▶ Aim of the exercise:
When you reach the line holding "CD com documentação" in the material below, return that line and each one after it, word for word, with the pictures dropped.

▶ Data provided:
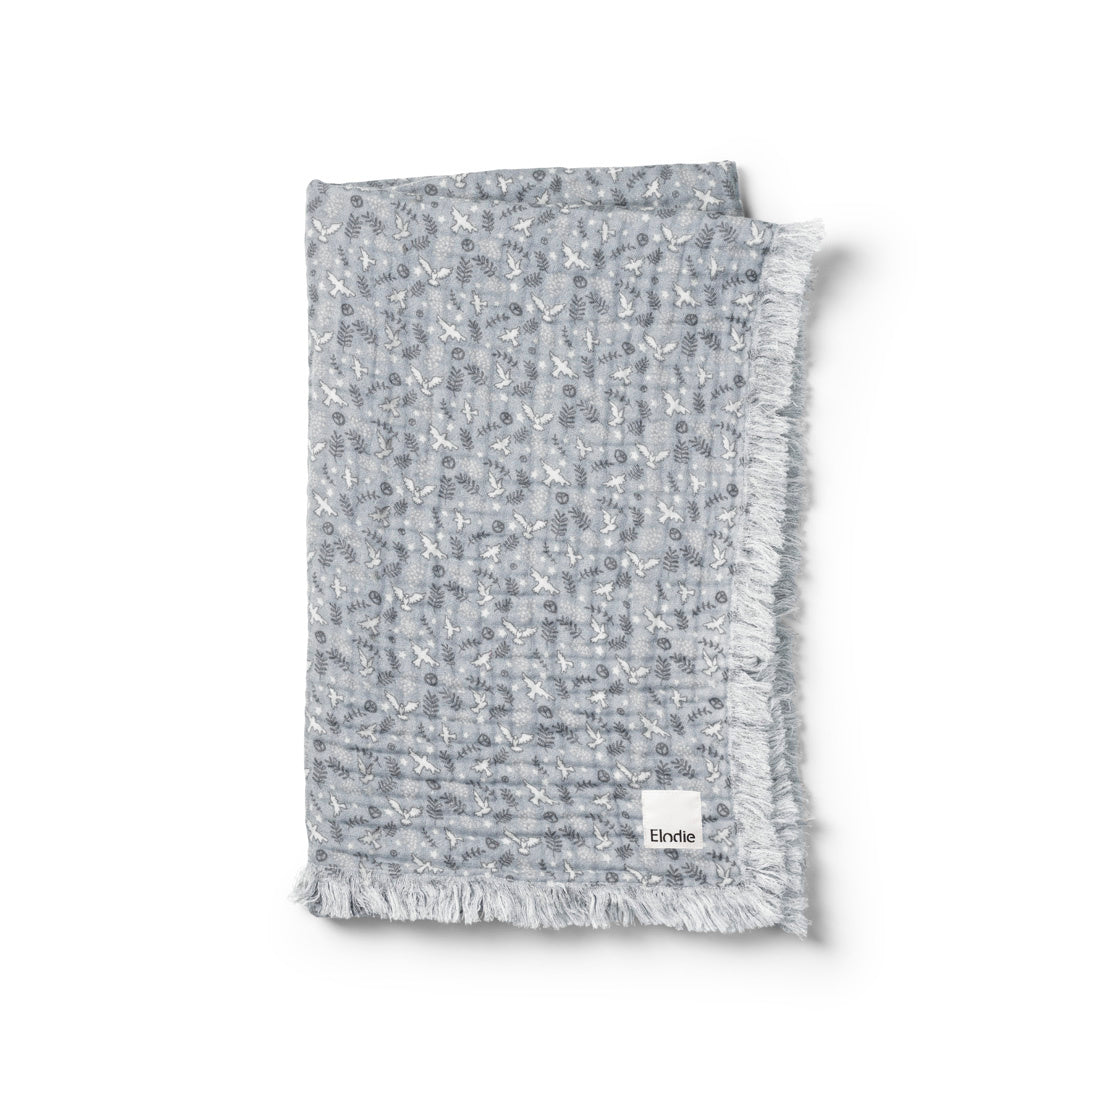 Elodie Details - Soft Cotton Blanket blanket - Free Bird
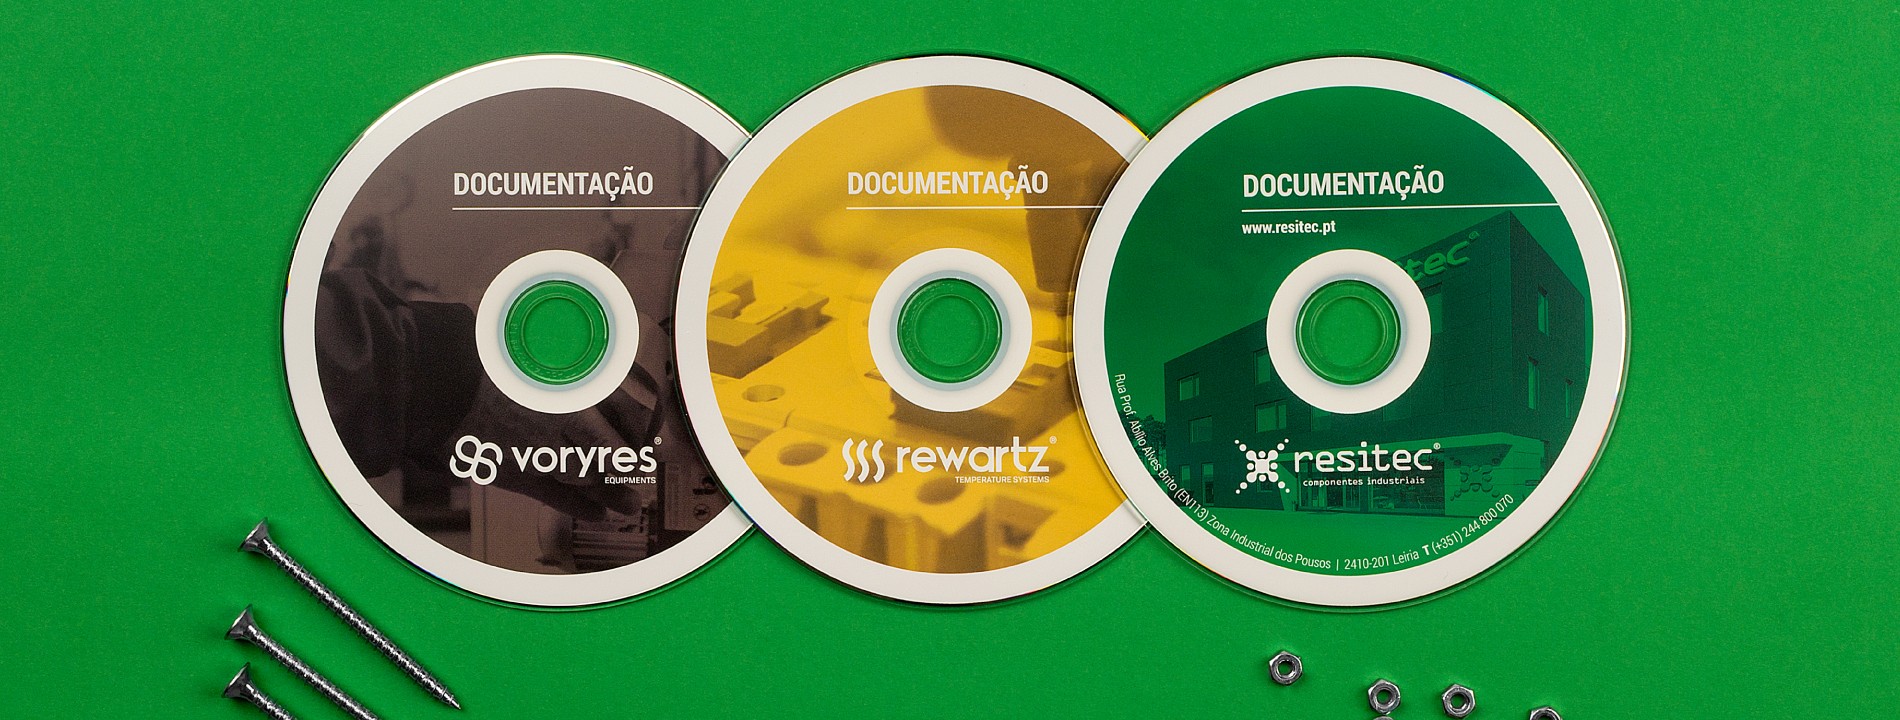 CD com documentação
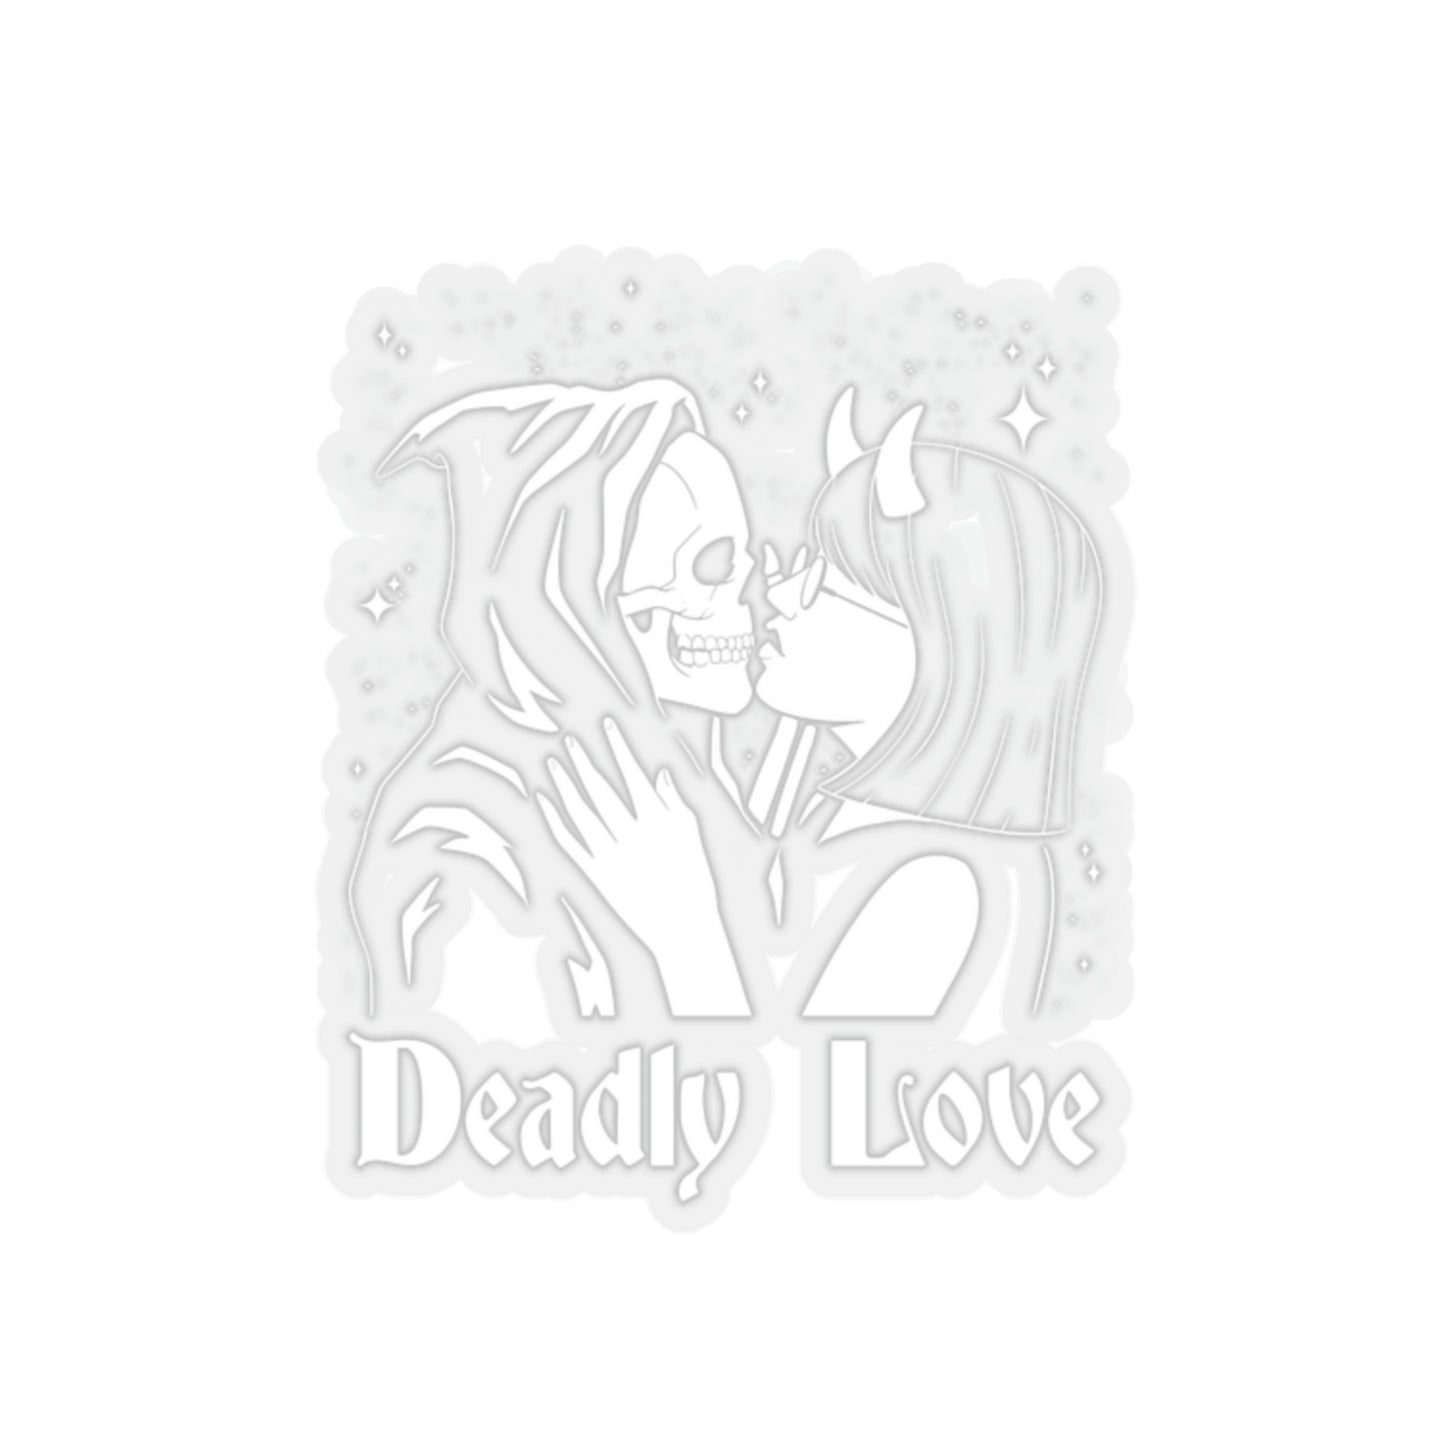 Deadly Love Skeleton Goth Aesthetic Sticker

▶ Final answer:
 CD com documentação
 Deadly Love Skeleton Goth Aesthetic Sticker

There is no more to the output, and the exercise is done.